Lawyers aren’t Private Investigators.

Lawyers are advocates and professional storytellers. The narrative that the lawyer tells and the facts that a lawyer use are from the client or from another source that was approved by the client.  Lawyers generally accept the information that is given to them as true or accurate without an investigation into the credibility of their client. The role of the lawyer is to advocate (not undermine). 

It can be very triggering for an outside party to hear a lawyer mindlessly repeating information without taking any steps to verify it. It can even seem pretty obvious that the “facts” that are wrong and the lawyer is an idiot for repeating such nonsense. However, the “facts” that are parroted by an idiot lawyer are from their idiot client. Lawyers can only work with what they are given and sometimes, they are given information and instructions that are crap. 

Lawyers act on instructions.

Lawyers can refuse to accept crap instructions and can refuse to work with flimsy evidence, but the client-solicitor relationship will breakdown. A lawyer can fire their client and a client can fire their lawyer. However, that is bad for business. Most of the time, a lawyer will instead give their client a fair warning about the potential consequences of their crap instructions. After that, the lawyer will give it a shot if that’s what the client wants. Of course, the other side probably doesn’t realize that and instead starts to develop negative feelings towards the lawyer for acting on such unreasonable instructions.

It’s the lawyers job and responsibility to advocate for what is best for their client, tell their client’s side of the story and represent their client to the best of their abilities. The lawyer does not get to decide if their client, as a person, is worth competent legal representation. Lawyers are held to an extremely high standard when it comes to how they are expected to do their job. Those requirements are professional in nature. Lawyers aren’t required to like their client or think that their client is a good person. Lawyers just do their job telling one side of the story and they leave it to the Honourable Court to make all of the big final decisions.

What if the lawyer really is a bully? 

Sometimes a lawyer is viewed as awful for having awful instructions from their awful client. Lawyers are allowed to follow crap instructions, but they are not allowed to treat others like crap in the process. Lawyers are not allowed to be rude or unprofessional to another legal professional or an opposing party. Lawyers that throw insults and act poorly are breaking the rules. Some lawyers have been doing it for so long that are disturbingly comfortable with being awful to others. Just like a schoolyard bully, a rogue lawyer will probably continue to act that way until someone tells on them and they get in trouble for it from the Law Society of Alberta.

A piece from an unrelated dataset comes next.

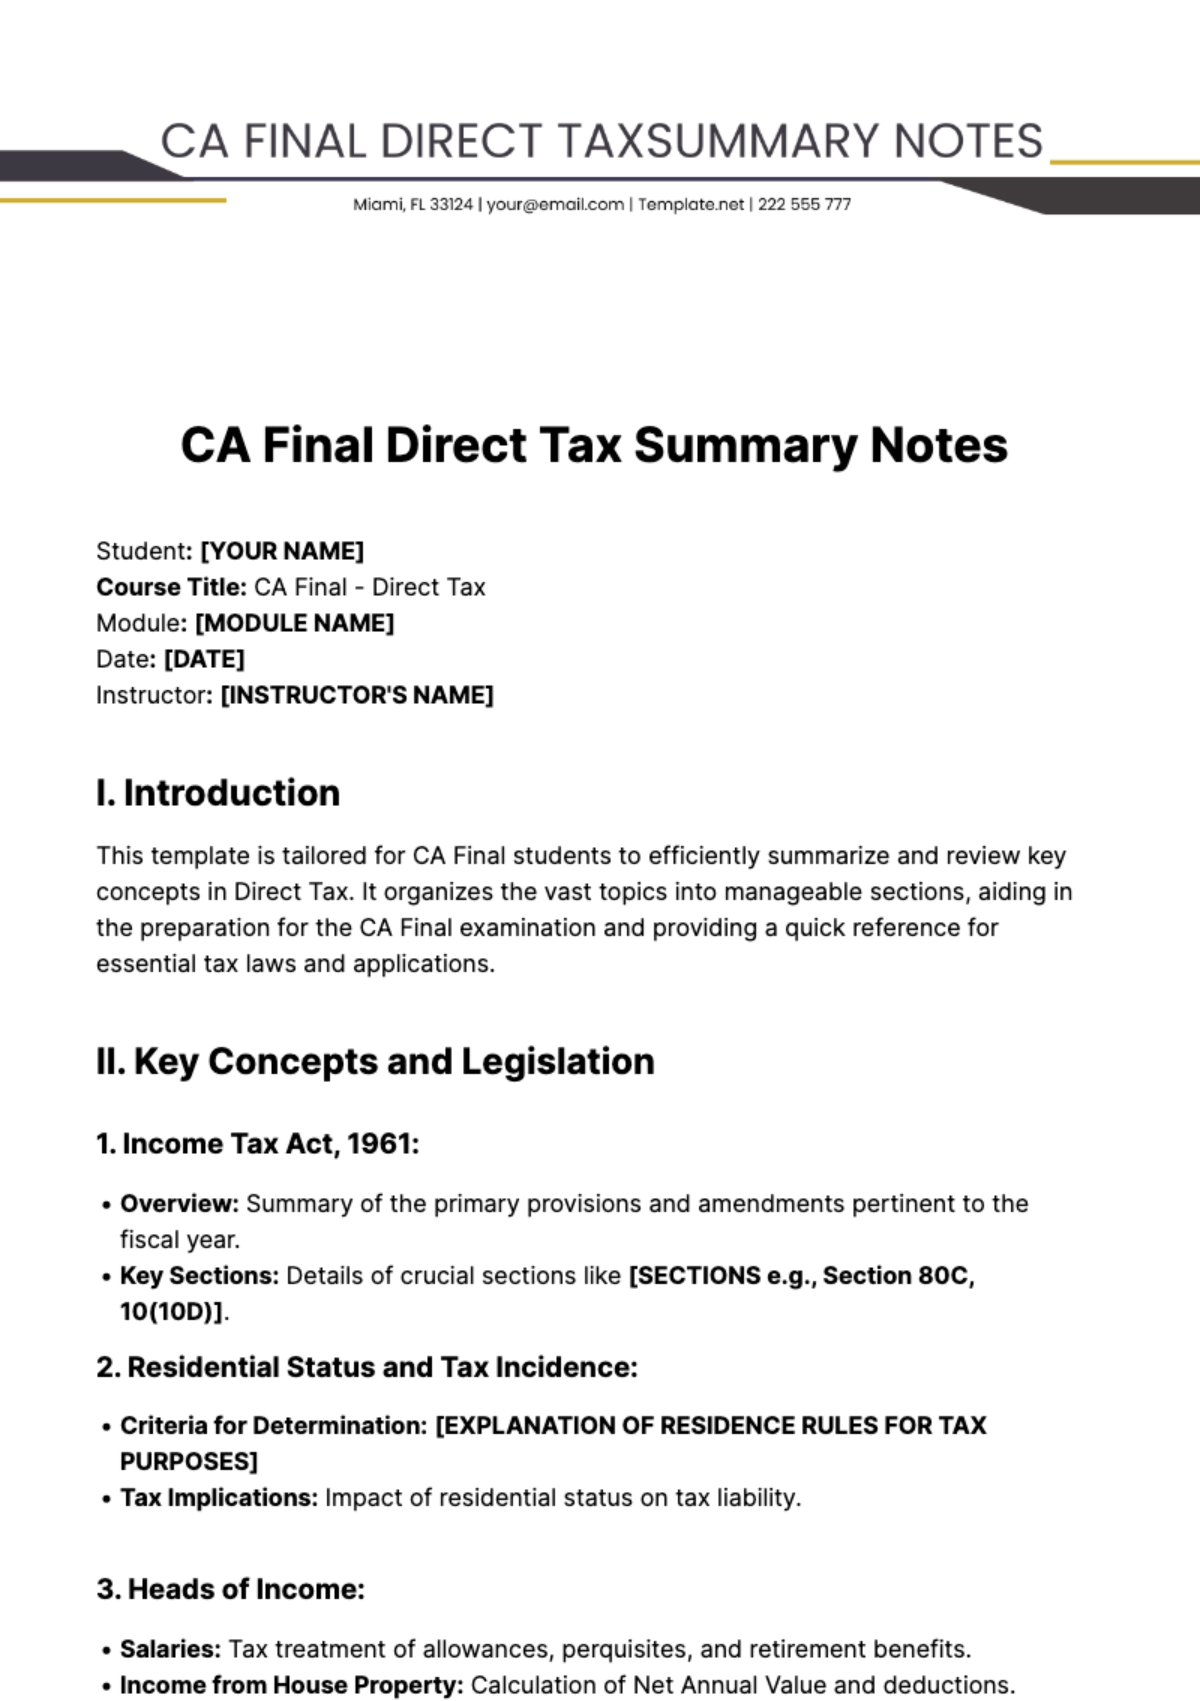 Ca Final Direct Tax Summary Notes Template

Lawyers can be punished by the Law Society of Alberta for improper conduct like being rude and making threats. Anyone that wants to hold a lawyer accountable for their actions must be able to prove it with solid evidence. The complaint must make it abundantly clear that the lawyer acted improperly beyond receiving crap instructions from their client. Anyone that is unsure if they have enough evidence might benefit from speaking with a lawyer for a second opinion before submitting a complaint to the Law Society of Alberta online.